The Patent Office was intended as a temple to the industrial arts, reflecting the new nation's desire for advancement. It was designed to display the models that inventors submitted with their patent applications and also provided space for exhibits of public interest beyond patent models.
Artifacts such as the Declaration of Independence, the tent George Washington used in the Revolutionary War, and specimens from explorer Charles Wilkes' (1789-1877) expeditions of 1838 to 1842 were displayed here as were the holdings of the National Institute—the forerunner of the Smithsonian Institution—which included artworks that formed the foundations of the collections of the National Portrait Gallery and the American Art Museum. During the Civil War the building served as a hospital for wounded Union soldiers, temporary barracks and morgue. In March 1865, it was the site of Abraham Lincoln's second inaugural ball.
Interest in historic preservation after World War II was ultimately responsible for preserving this national architectural treasure. In 1953, legislation supported by the General Services Administration argued for the building's removal to make way for a parking garage. The effort to save the building was led by David E. Finley, chairman of the Commission of Fine Arts and, later, a founding member of the Portrait Gallery Commission; the American Institute of Architects; and preservationists.
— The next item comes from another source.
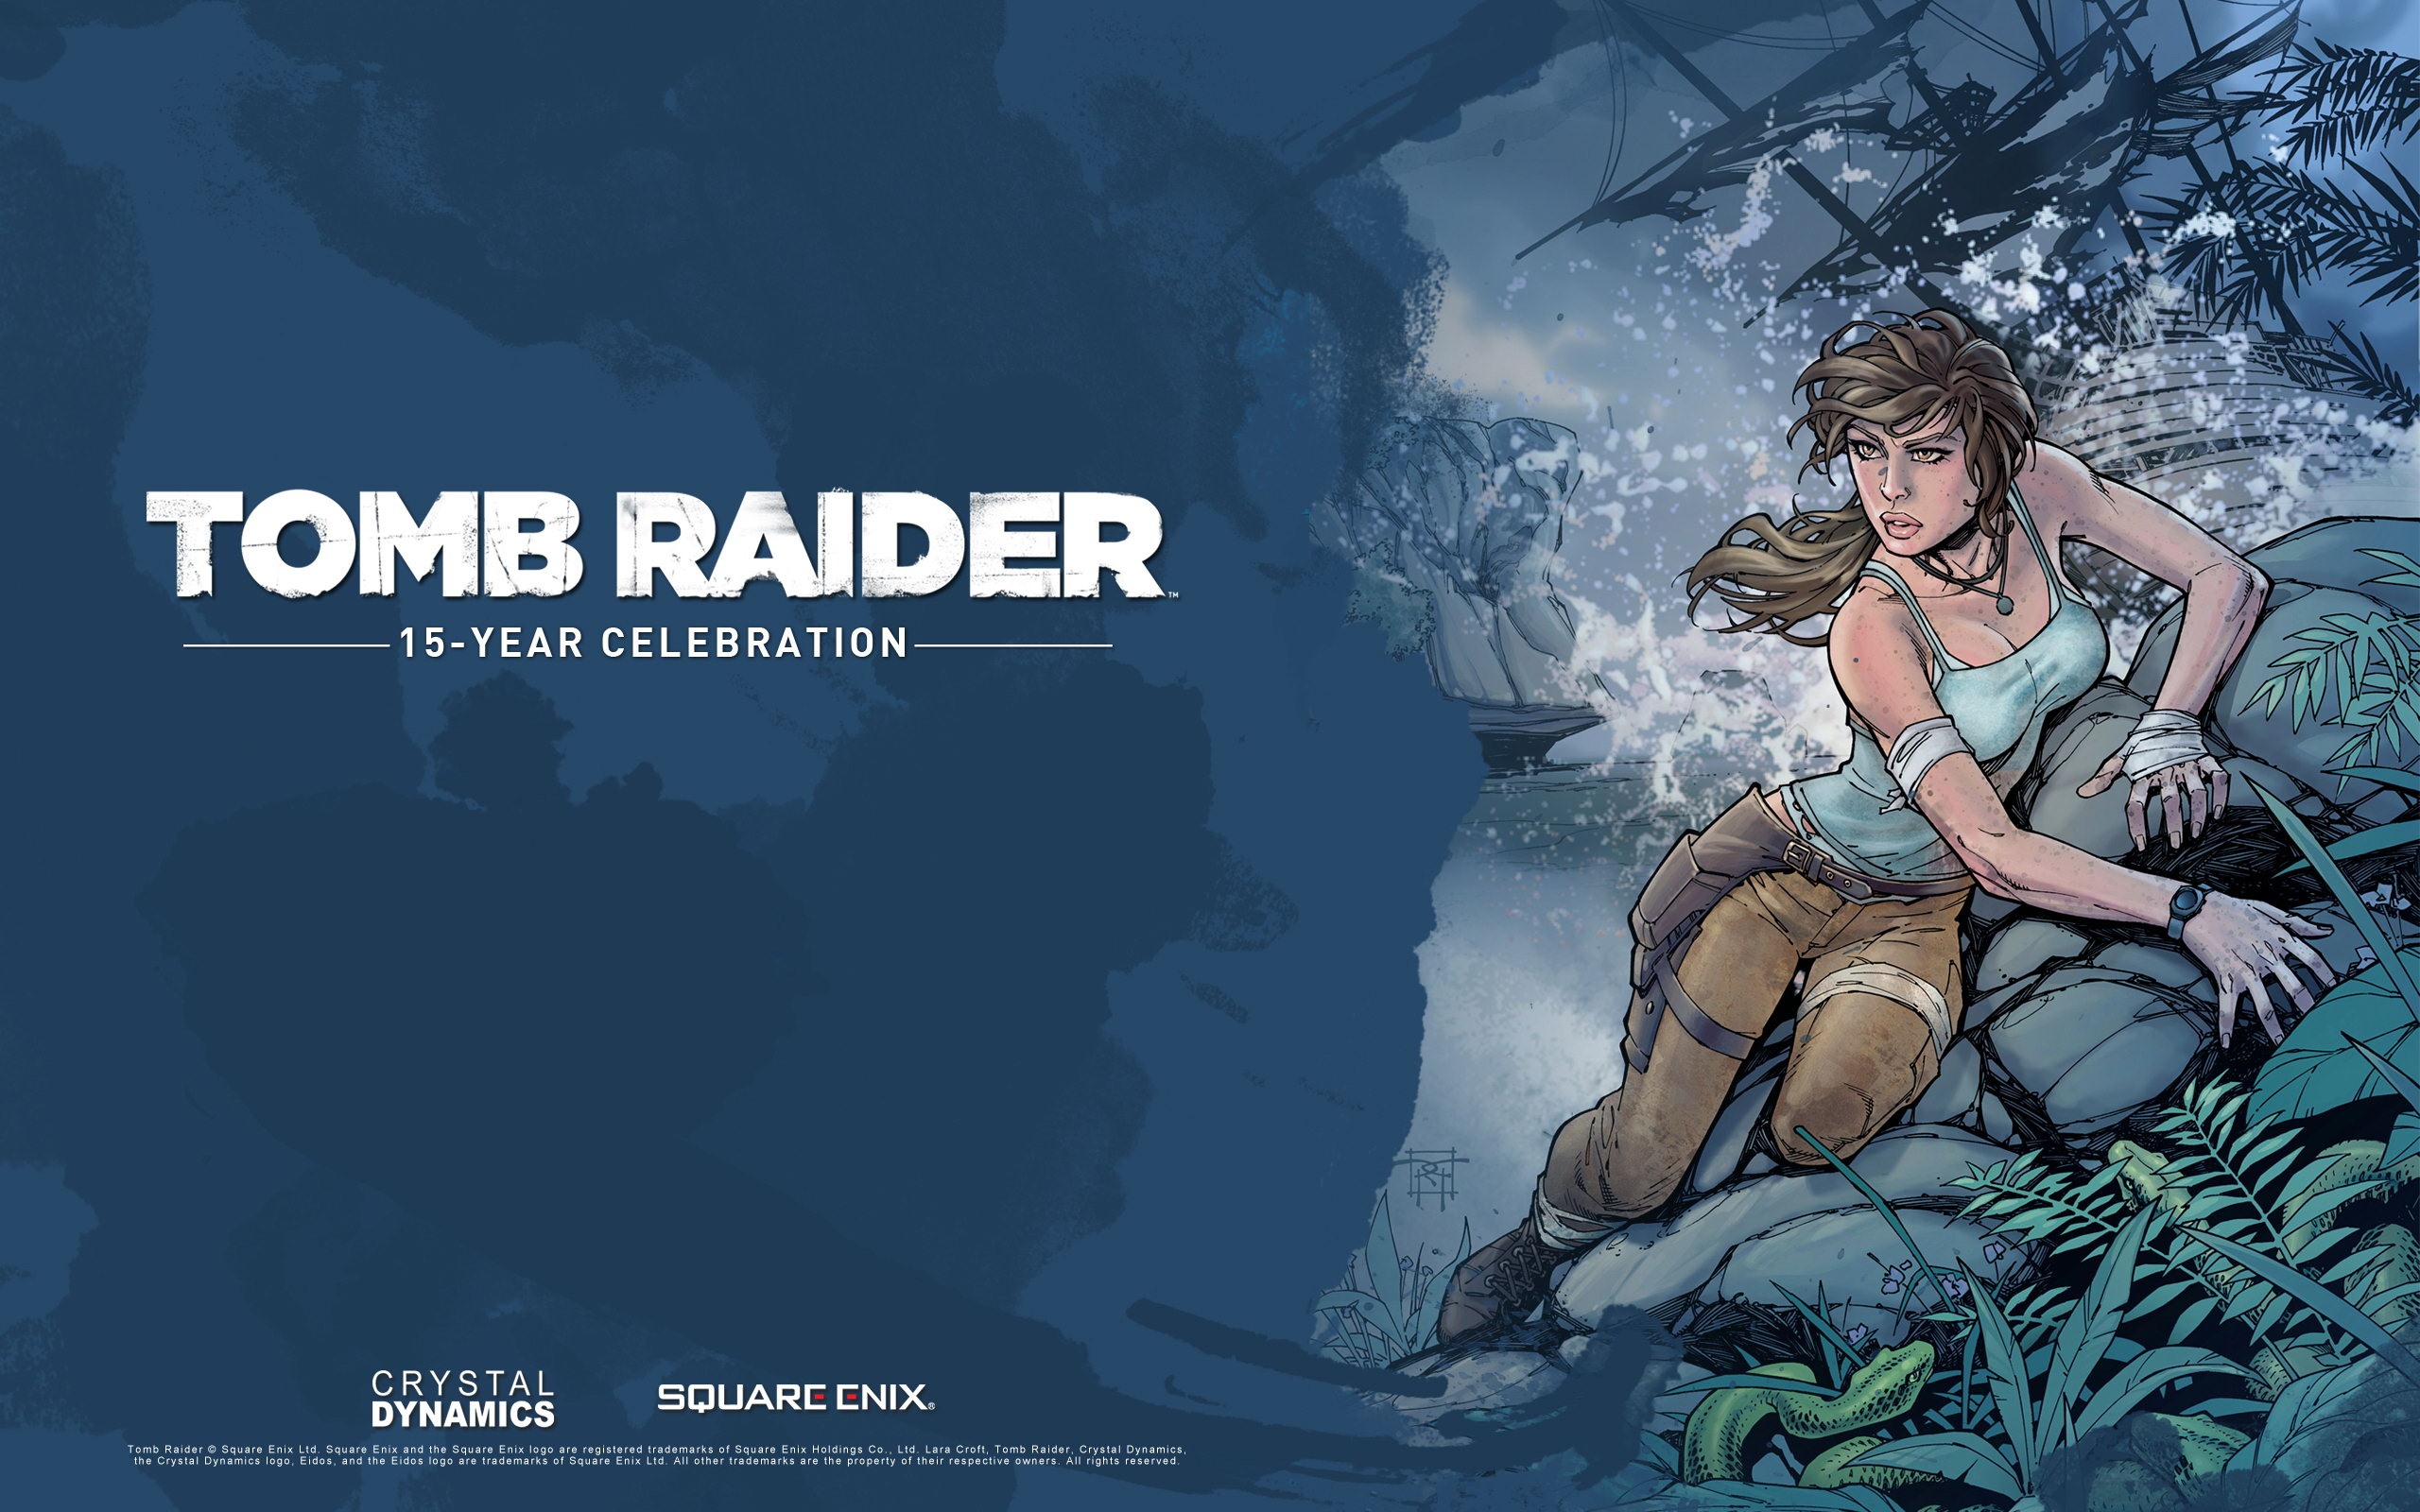 Tomb Raider 15-Year Celebration 古墓丽影15周年纪念版 高清壁纸12 - 2560x1600

Legislation in 1958 transferred the Patent Office Building to the Smithsonian Institution to house certain art collections of the Smithsonian, and in 1962 President John F. Kennedy signed a bill establishing the National Portrait Gallery. Major interior renovation followed and in 1968 the National Collection of Fine Arts (now the Smithsonian's American Art Museum) and the National Portrait Gallery opened to the public. The following year the surrounding neighborhood was devastated in the wake of Martin Luther King's assassination.
The December 1997 opening of the MCI Center, immediately to the east of the museums, and the opening of F Street—preceded by years of redevelopment carried out by the Pennsylvania Avenue Development Corporation—has spurred growth in the area so that the renovated Old Patent Office Building will serve as the centerpiece of a new downtown Washington.